Долго рассказывать о той тишине раскаяния, которая воцарилась в душе Ра Клеенышевой… Она скопила деньги и купила по случаю старую, но очень надежную немецкую машинку «Олимпия», всего за сто рублей, за которую мастер, менявший зачерствевший резиновый валик, предлагал ей в полтора раза больше, расхваливая эту трофейную и хорошо сохранившуюся машинку, похожую то ли на паровоз Джорджа Стефенсона, то ли на старинный автомобиль, сохранявший еще признаки кареты — так она была громоздка, тяжела и напичкана всевозможными лишними, казалось бы, деталями, которые именно и делали ее чрезвычайно прочной и легкой в работе. По вечерам теперь из окна четвертого этажа, где жили Клеенышевы, раздавался щелкающий треск пишущей машинки, к которому быстро привыкли все люди, живущие в пятиэтажном доме, зная, что это работает Рая Клеенышева, бережливая, как о ней стали думать, и расчетливая девушка, копившая уже деньги на дорогую шубу, о чем им тоже шепнула мать Клеенышевой, ставшая со временем говорить о дочери с такими ужимками, таким таинственно-радостным шепотом, как если бы она не о дочери своей говорила, а о какой-то преуспевающей и не очень понятной ей родственнице, от которой она целиком и полностью зависела в жизни.

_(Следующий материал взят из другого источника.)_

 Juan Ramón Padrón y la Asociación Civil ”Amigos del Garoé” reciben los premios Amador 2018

В нашем городе бывали раньше душистые и теплые летние вечера, когда в зеленых двориках, утопающих в прозрачной темноте, настаивался прохладный запах ночного табака. Светящиеся цветы смутно виднелись в зеленой тьме, являя собою источники удивительного благоухания, над которыми вились невидимками пофыркивающие крыльями, напудренные и жирные на ощупь ночные бабочки. Они летали и на улице, над тротуарами, кружась вокруг ярких фонарей и отбрасывая на пыльный асфальт большие, скользящие тени; сияли холодным, фосфорическим светом в ядовито-зеленой от электричества листве тополей или лип, пропадая и снова вылетая на огонь… Казалось тогда, что и на улице тоже пахнет цветущим табаком, от аромата которого кружилась голова.

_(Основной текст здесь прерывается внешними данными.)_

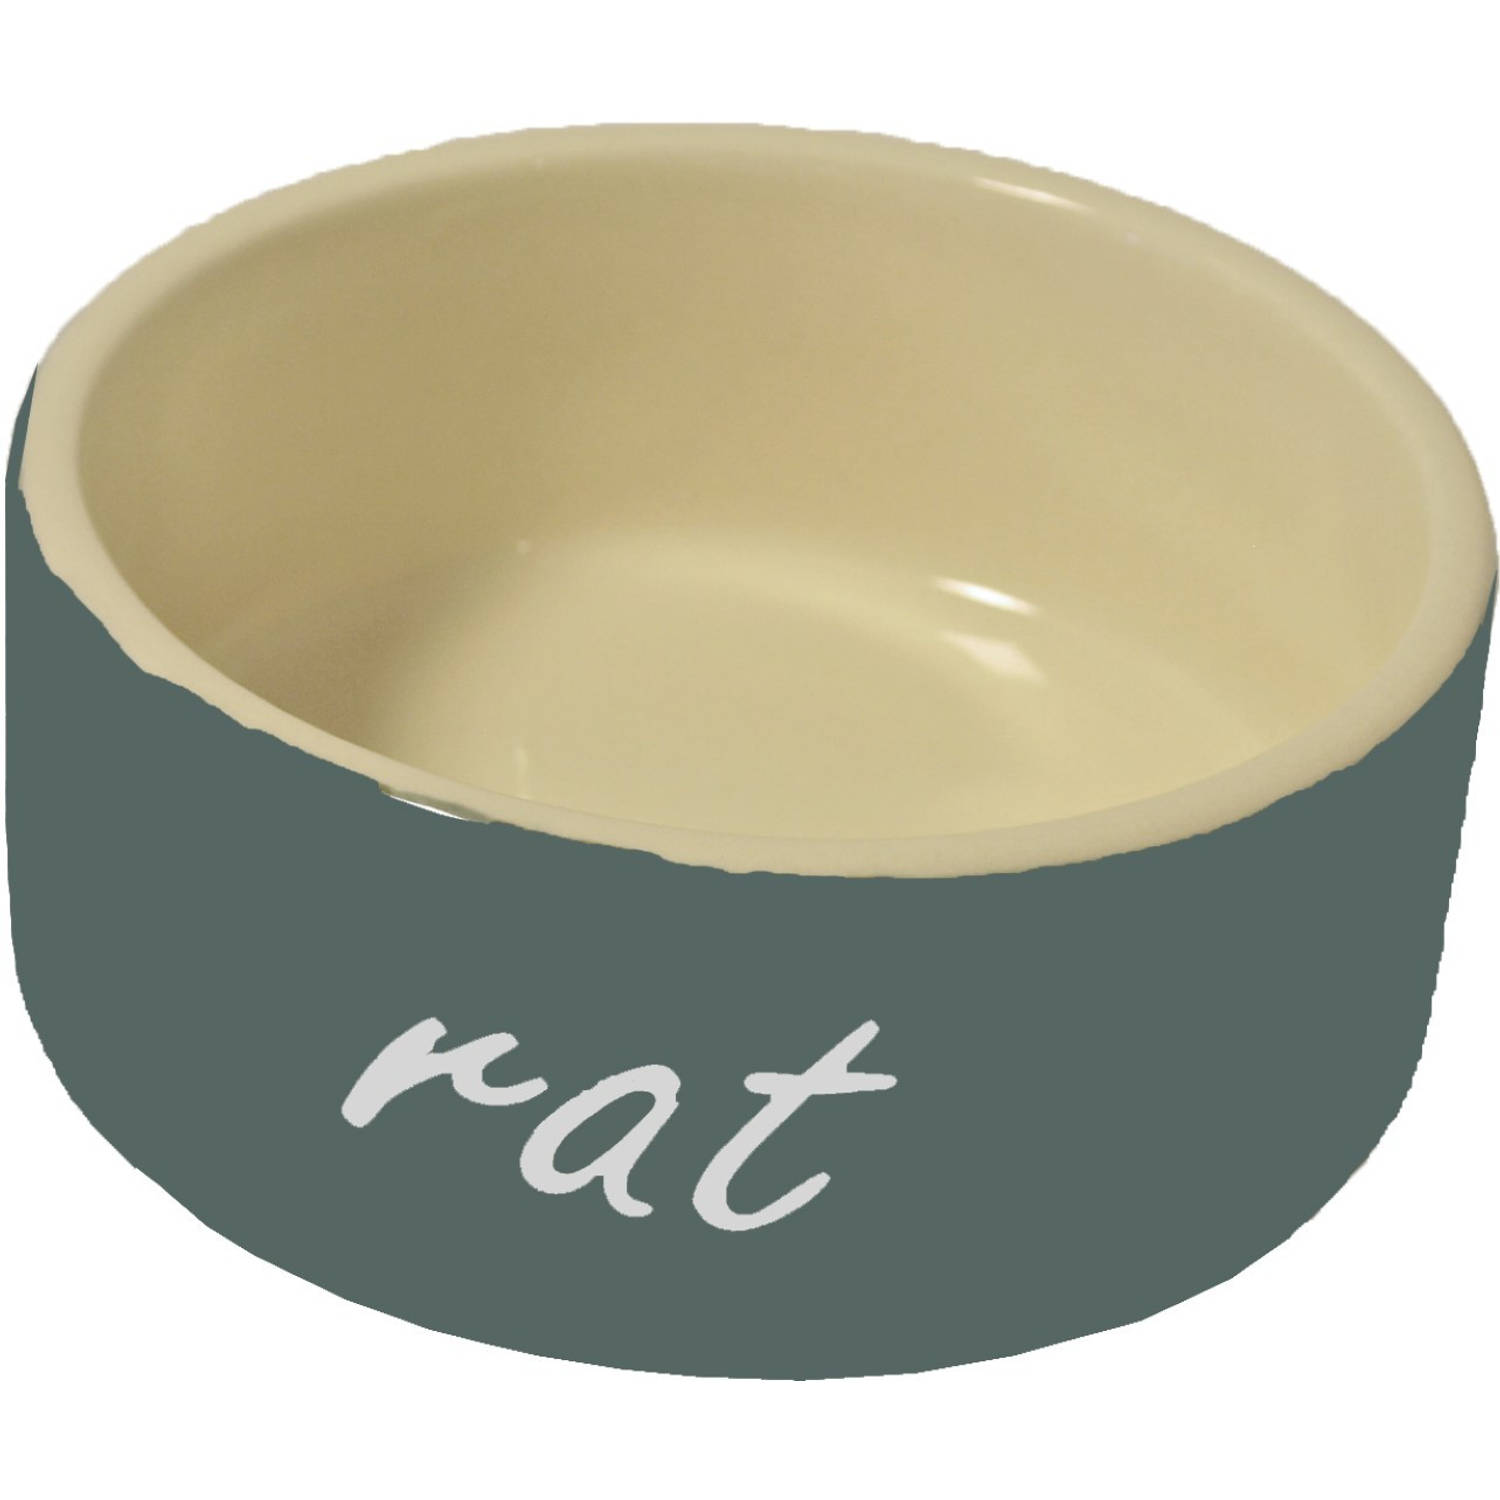 Ratten eetbak steen grijs diameter 10 cm

Впрочем, так оно и было на самом деле: именно цветами табака пахло на тихих улочках огромного нашего города. Воздух был еще чист, улицы просторны, и даже на площадях, куда сходились многие улицы, автомобилей было так мало, что люди шли через площадь в любом удобном для них направлении, не заботясь о пешеходных дорожках, о которых тогда никто еще всерьез не задумывался. Что уж тут говорить о маленьких улочках и переулках, многие из которых остались лишь в памяти коренных москвичей!

Когда наступал вечер, редко-редко заезжали на эти улочки автомобили — блиставшие неизменным черным лаком «эмки» или обтекаемые «ЗИС-101» — канувшие в Лету такси нашего города. Личных машин было очень мало в городе. Нигде не видно было стоящей возле тротуара на улице или во дворе автомашины. Иногда лишь какой-нибудь старый вояка выкатывал из оббитого жестью гаража трофейный «опель» и, дымя вонючим выхлопом, выезжал со двора в город, не зная наверняка, вернется ли своим ходом домой.